The public service announcement video can be viewed in its entirety on the Mint’s YouTube channel here.
“This is not a coinage supply problem. It’s a circulation problem,” Ryder says on the video. “We can’t manufacture our way out of this problem. It’s a problem of availability.”
Ryder said while it has been customary for 20% of coins in circulation to be new output from the U.S. Mint, the Mint is currently supplying circulation with 30% of the coins out there.
Ryder notes that between January 2020 and June 30, 2021, the Denver and Philadelphia Mints combined have produced 21 billion coins for circulation release.
Ryder is encouraging the nation’s population to use exact change where possible and check with their local banks about redeeming excess coins they may have that they could turn in for use elsewhere.
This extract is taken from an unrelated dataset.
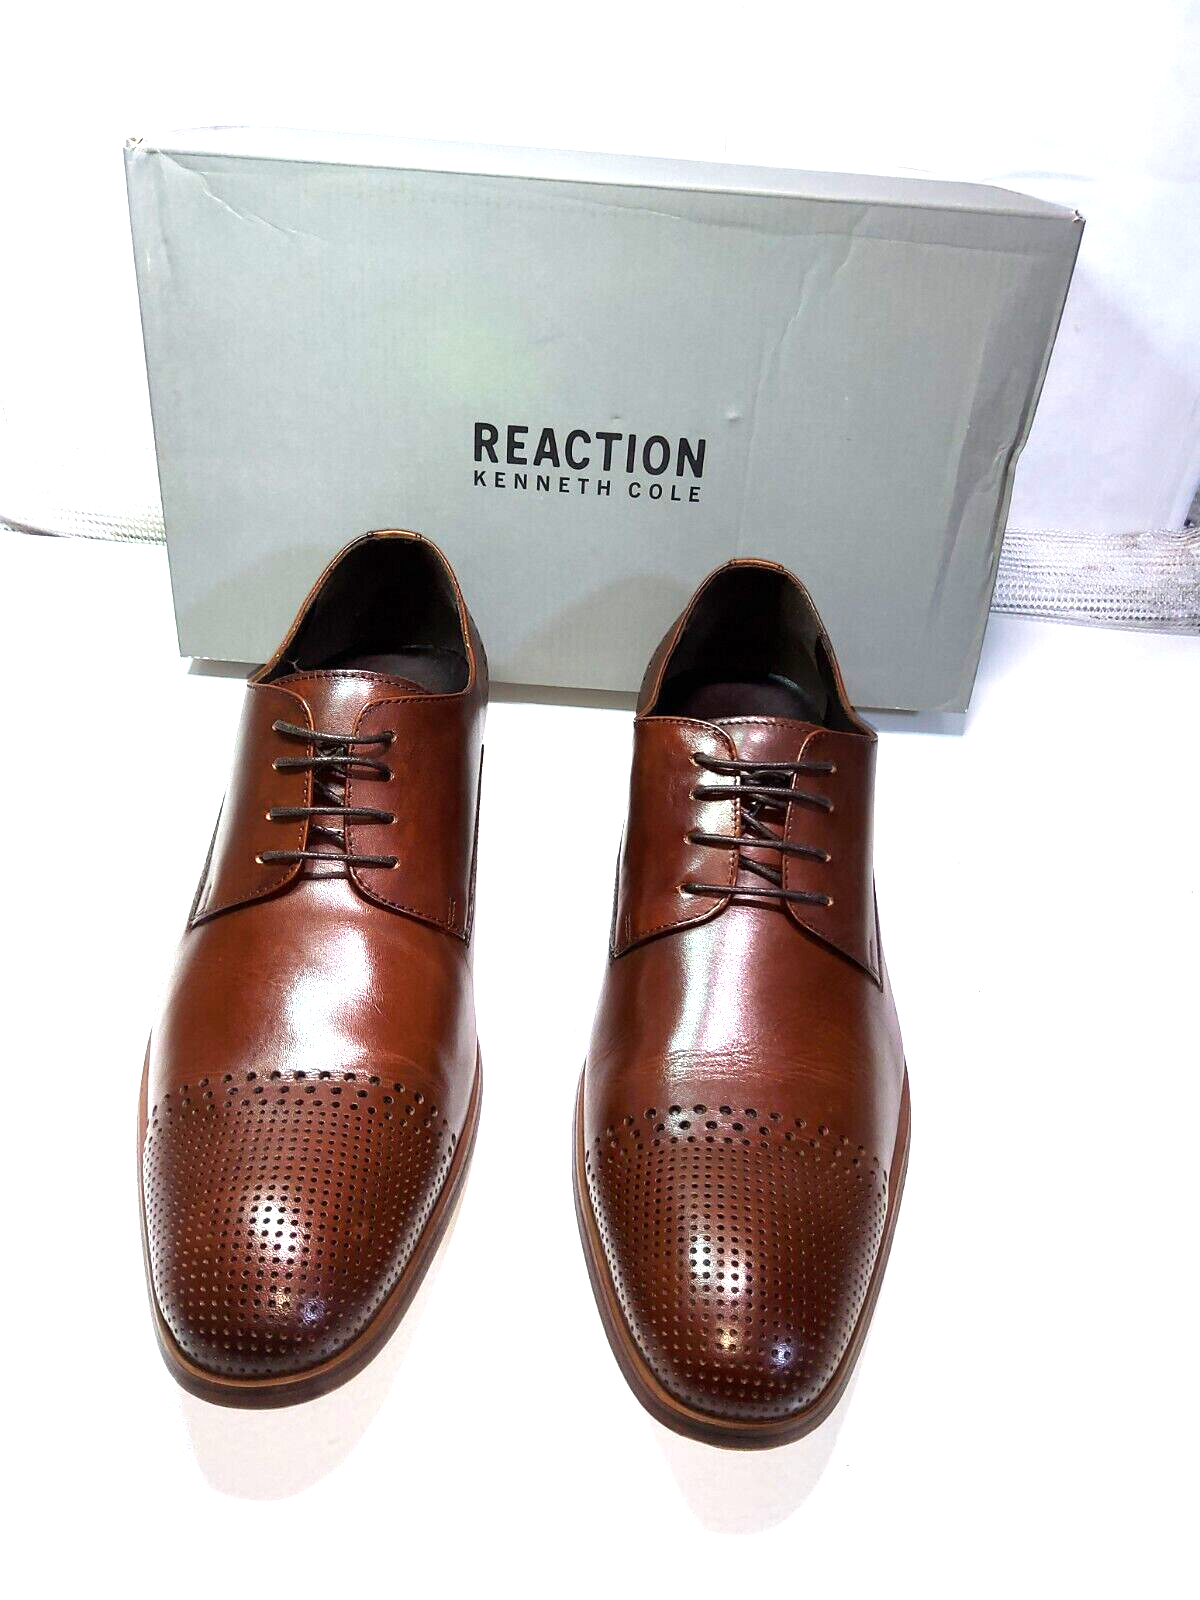 Primary image for Kenneth Cole Mens Leather size 11-M Dark Cognac Oxford shoes New in Box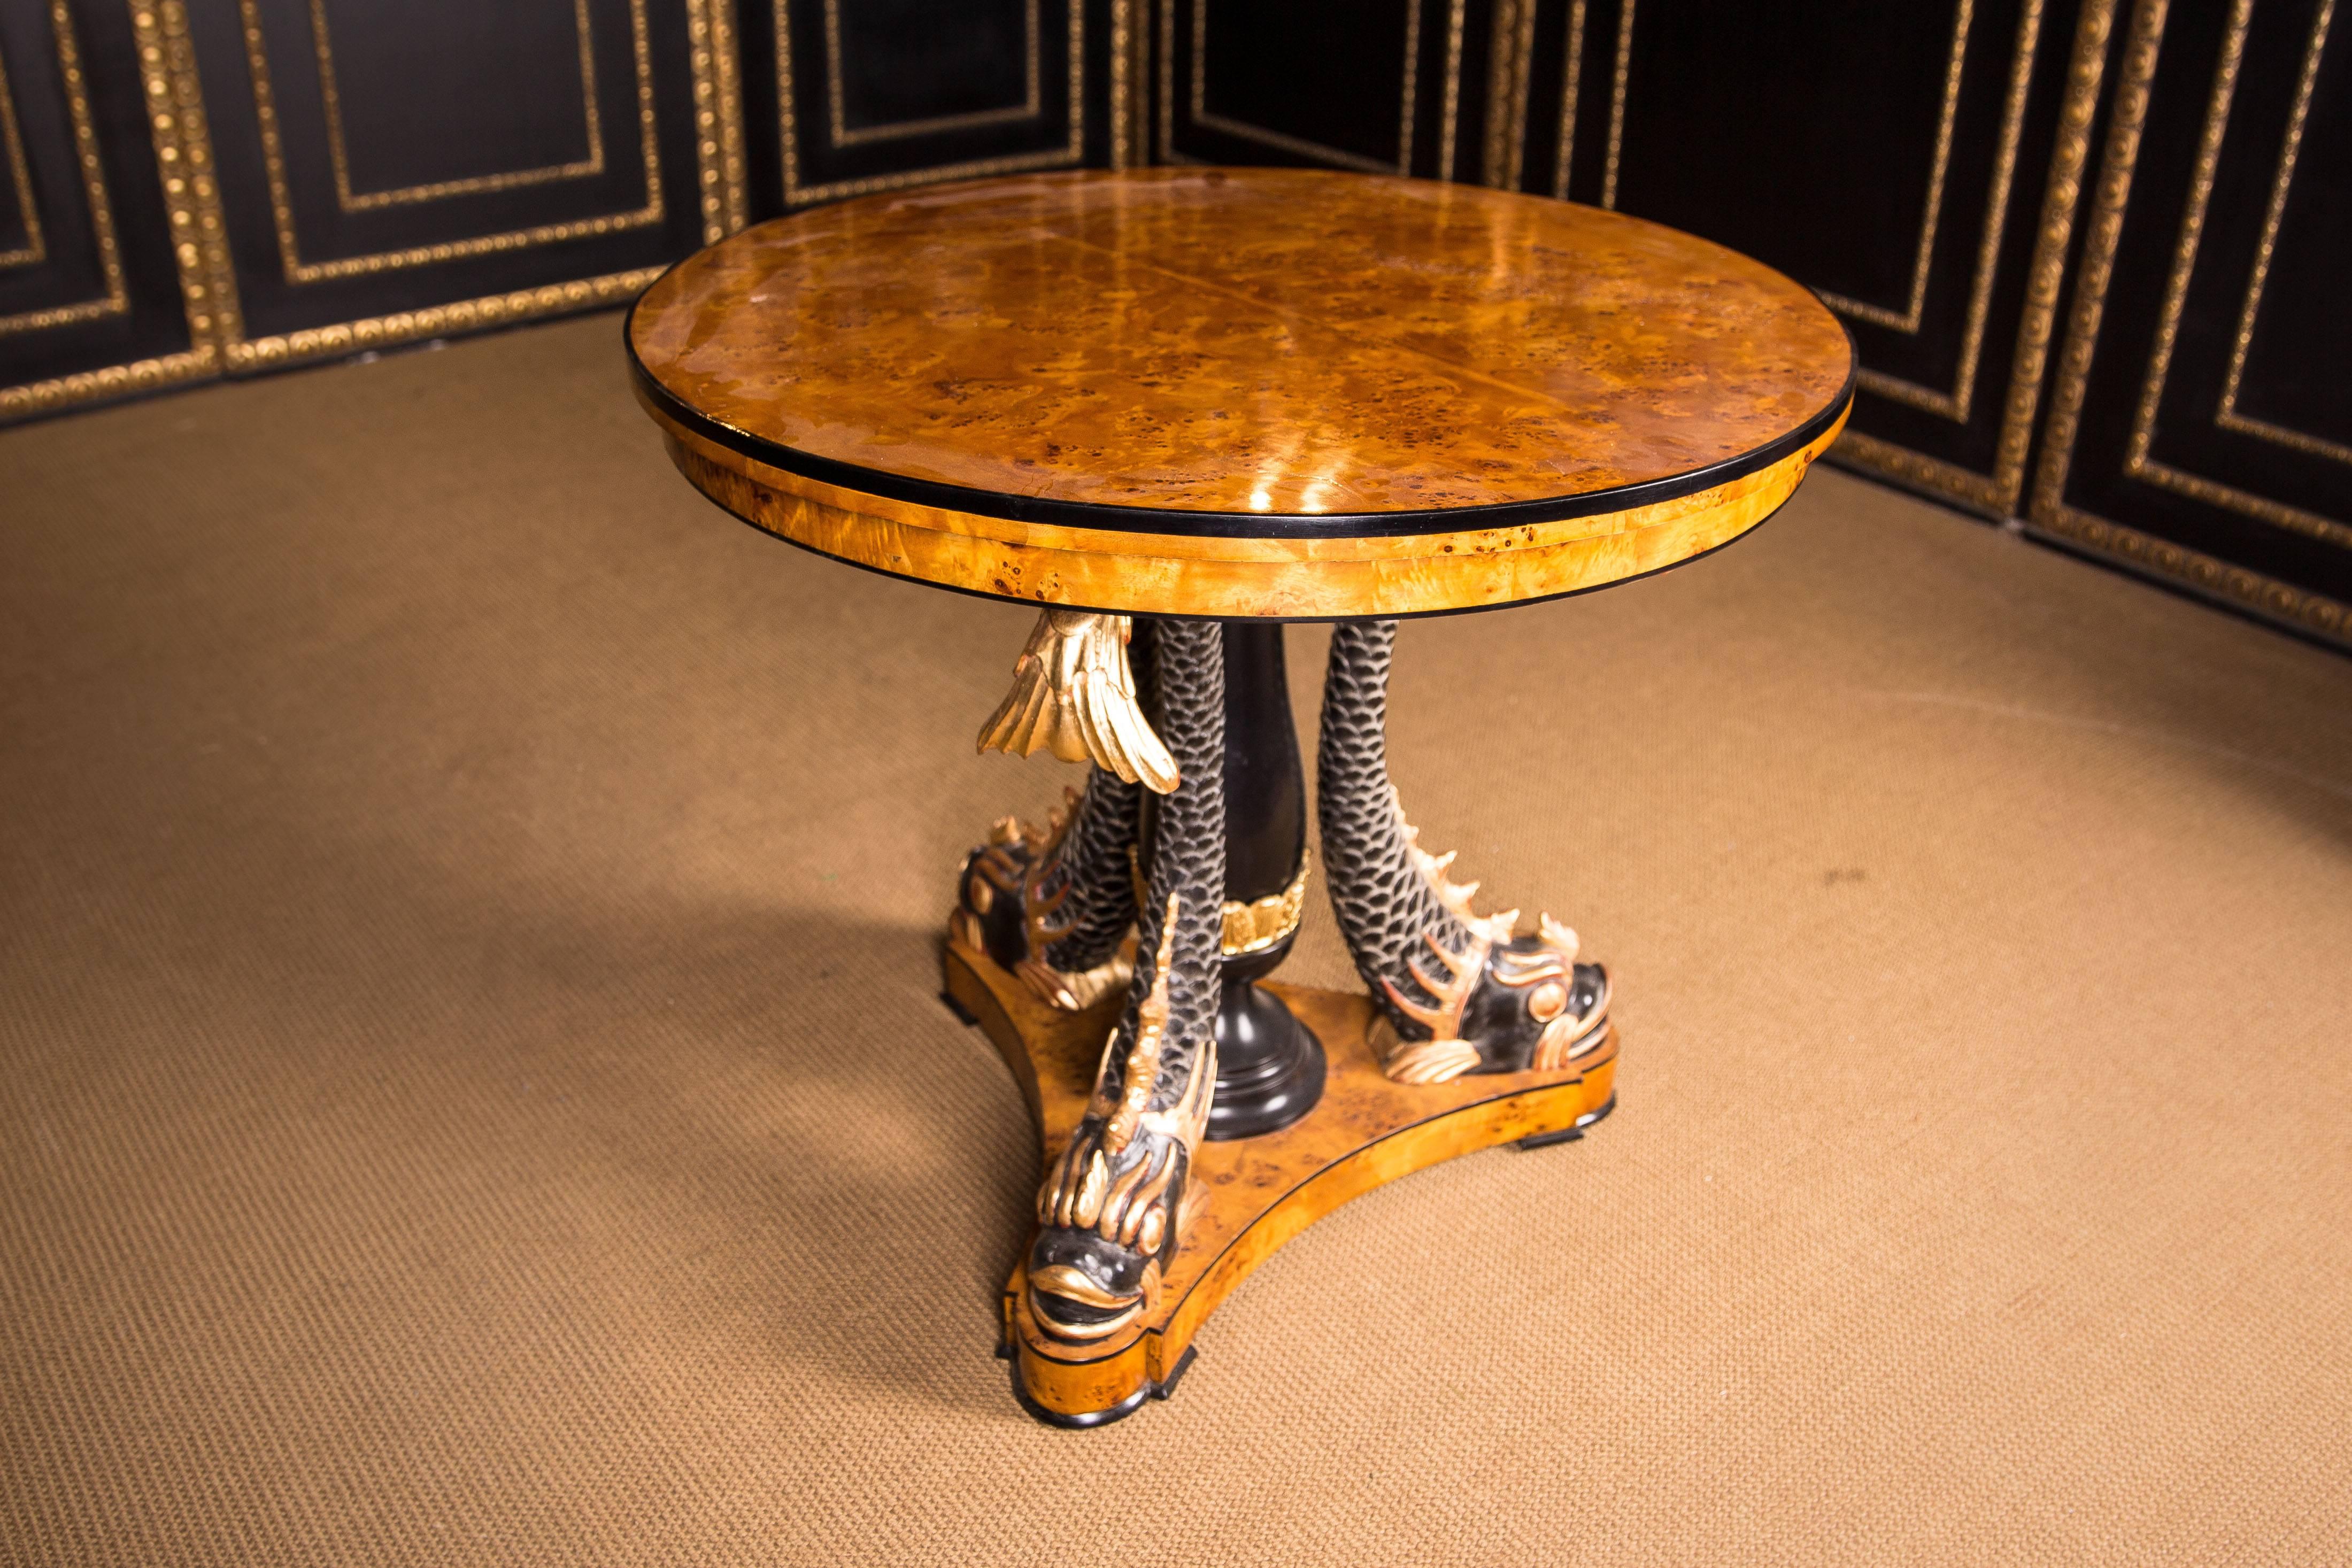 Birdseye Maple Majestic Table with Dolphins in the Empire Style

Ryder explains that more people are using electronic means for product and service transactions.
So far in calendar year 2021, the U.S. Mint has recorded combined circulating coinage production of more than 6 billion coins.
The totals include 2,941,200,000 Lincoln cents; 739.98 million Jefferson 5-cent coins; 1,367,000,000 Roosevelt dimes: and 947.6 million quarter dollars (combined, of the separate Tuskegee National Historic Site and Gen. Washington Crossing the Delaware quarter designs).
The totals also include 12.8 million circulation quality Kennedy half dollars and 2.52 million Native American dollars, both denominations of which are struck for numismatic sales only and are not intended for circulation release.
(However, a Washington state collector reported to Coin World recently that he had obtained a $500 face value box of rolled circulation-quality 2021-D Kennedy half dollars from his local bank. Coin World has received no answer explaining how the coins entered circulation.)
The nation’s largest coin recycler, Coinstar, based in Bellevue, Washington, reports, “As the economy has begun to reopen, the demand for coin has increased.
“While Mint production is up, it is not currently satisfying demand, which led to the Federal Reserve’s decision to start allocating various denominations to depository institutions starting in May.
“The Mint has produced over $40 billion in coins since 1960, and therefore, there is sufficient coin in circulation.
“However, Coinstar estimates approximately $18 billion coins are idle, likely in people’s homes.
“Until consumers’ normal coin recycling habits return, we may experience these coin circulation issues going forward, similar to last year, which will negatively impact consumers that primarily use cash at the point of sale.”
Coinstar has more than 4,000 machines positioned in retail establishments nationwide to recycle change for an 11.9 percent fee per $1 in change recycled.